In vanilla python if you want to debug the last exception (the post-mortem debugger) you do:

import pdb; pdb.pm()

and if you want to drop into a debugger from some bit of code, you write:

import pdb; pdb.set_trace()

and if you want to use a fancier debugger (ipdb is recommended):

import ipdb; ipdb.set_trace()

or:

import ipdb; ipdb.pm()

This doesn’t work in jupyter, which has some other fancy interaction loop going on.

Here’s one manual way to drop into the debugger from code, noticed by Christoph Martin

from IPython.core.debugger import Tracer; Tracer()()
1/0

However, that’s not how you are supposed to do it. Persons of quality invoke their debuggers via so-called magics, e.g. the %debug magic to set a breakpoint.

%debug [--breakpoint filename:line_number_for_breakpoint]

Without the argument it activates post-mortem mode. Seriously though, who thinks in line-numbers? Tracer realistically wastes less time.

And if you want to drop automatically into the post mortem debugger for every error:

%pdb on

1/0

Props to Josh Devlin for explaining this and some other handy tips, and Gaël Varoquaux.

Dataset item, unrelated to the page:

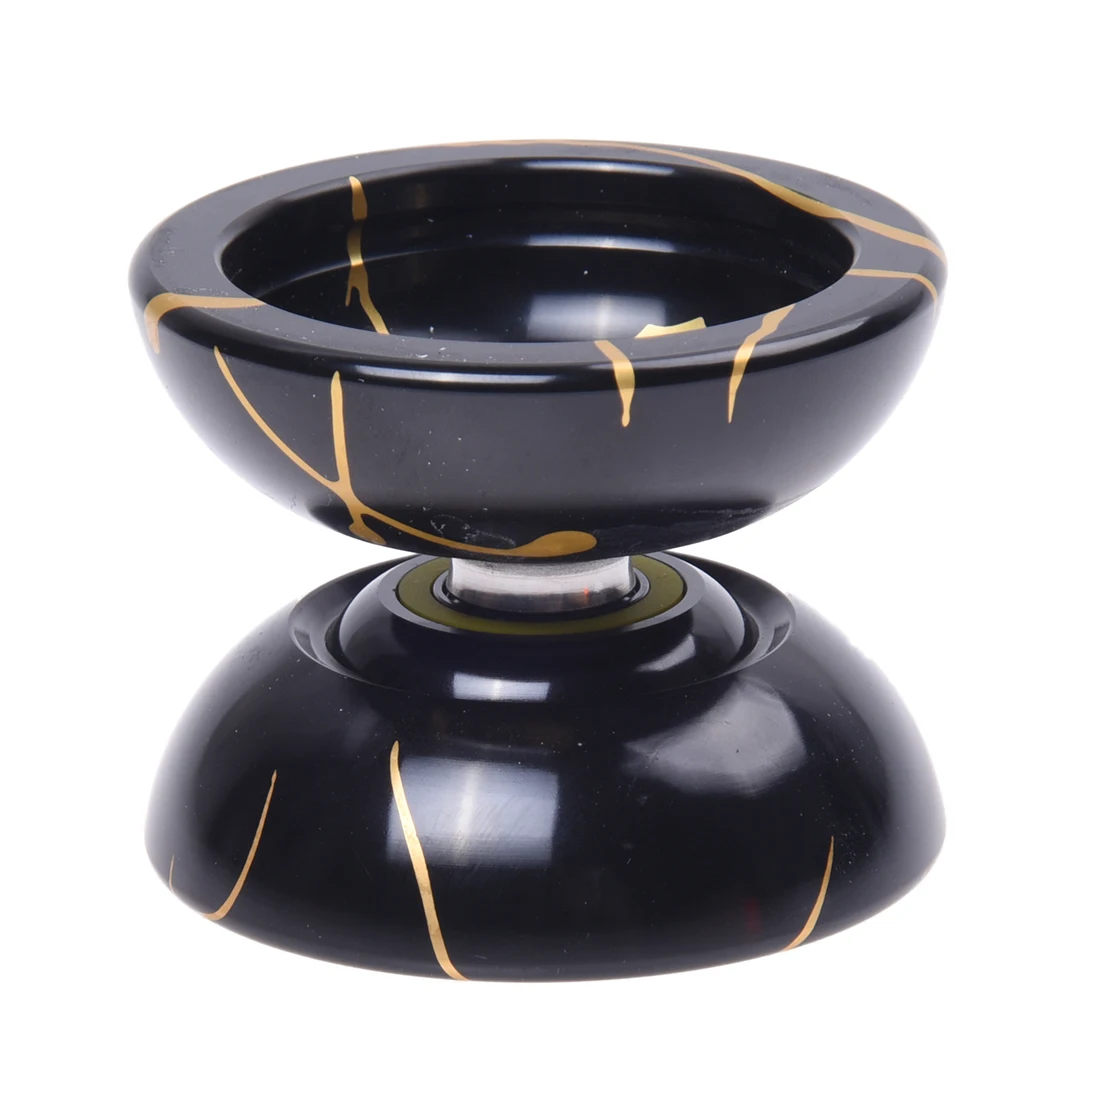 Горячая Распродажа Магия Йо-йо дизайн Волшебные Йо-йо N11 сплав Алюминий профессионального йо-йо Йо-йо игрушка Йо-йо шар золотой+ черный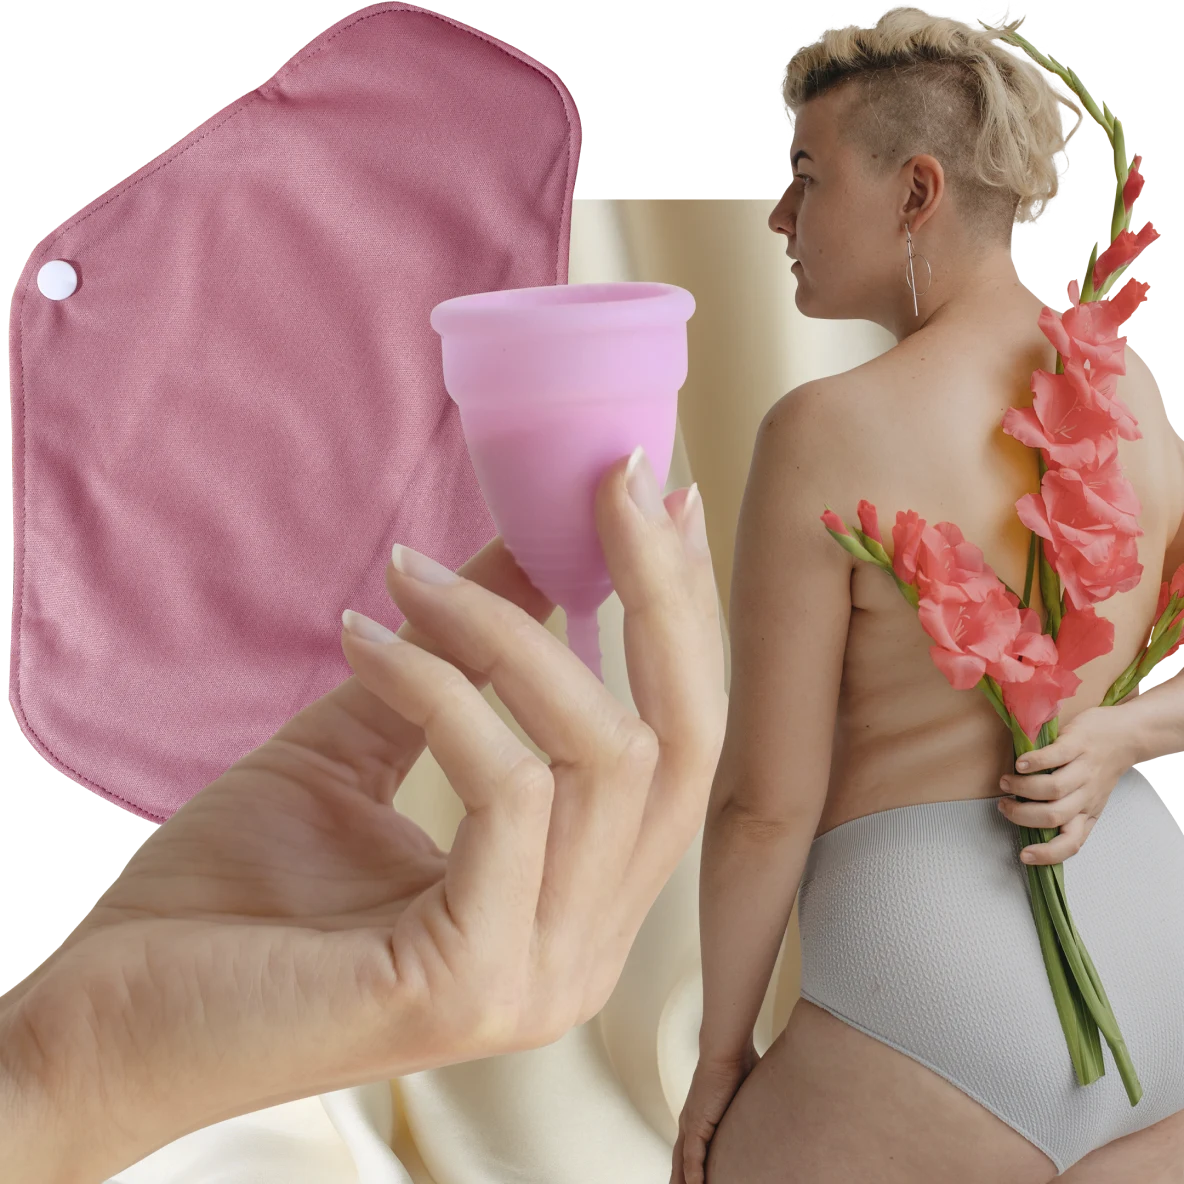 Eine weiße Hand, die eine rosafarbene Menstruationstasse hält. Eine rosafarbene Stoffbinde auf der linken Seite. Rechts eine weiße Frau mit kurzem blonden Haar, die rosarote Blumen hinter ihrem Rücken hält.

Gaël recommended some extra debuggers:

Useful debug commands

h(elp) [command]
Guess
w(here)
Print your location in current stack
d(own) [count]/up [count]
Move the current frame count (default one) levels down/ in the stack trace (to a newer frame).
b(reak) [([filename:]lineno | function) [, condition]]
The one that is tedious to do manually. Without argument, list all breaks and their metadata.
tbreak [([filename:]lineno | function) [, condition]]
Temporary breakpoint, which is removed automatically when it is first hit.
cl(ear) [filename:lineno | bpnumber [bpnumber ...]]
Clear specific or all breakpoints
disable [bpnumber [bpnumber ...]]/enable [bpnumber [bpnumber ...]]
disable is the same as clear, but you can re-enable
ignore bpnumber [count]
ignore a breakpoint a specified number of times
condition bpnumber [condition]
Set a new condition for the breakpoint
commands [bpnumber]
Specify a list of commands for breakpoint number bpnumber. The commands themselves appear on the following lines. Type end to terminate the command list.
s(tep)
Execute the next line, even if that is inside an invoked function.
n(ext)
Execute the next line in this function.
unt(il) [lineno]
continue to line lineno, or the next line with a highetr number than the current one
r(eturn)
Continue execution until the current function returns.
c(ont(inue))
Continue execution, only stop when a breakpoint is encountered.
j(ump) lineno
Set the next line that will be executed. Only available in the bottom-most frame. It is not possible to jump into weird places like the middle of a for loop.
l(ist) [first[, last]]
List source code for the current file.
ll | longlist
List all source code for the current function or frame.
a(rgs)
Print the argument list of the current function.
p expression
Evaluate the expression in the current context and print its value.
pp expression
Like the p command, except the value of the expression is pretty-printed using the pprint module.
whatis expression
Print the type of the expression.
source expression
Try to get source code for the given object and display it.
display [expression]/undisplay [expression]
Display the value of the expression if it changed, each time execution stops in the current frame.
interact
Start an interactive interpreter (using the code module) whose global namespace contains all the (global and local) names found in the current scope.
alias [name [command]]/unalias name

Create an alias called name that executes command.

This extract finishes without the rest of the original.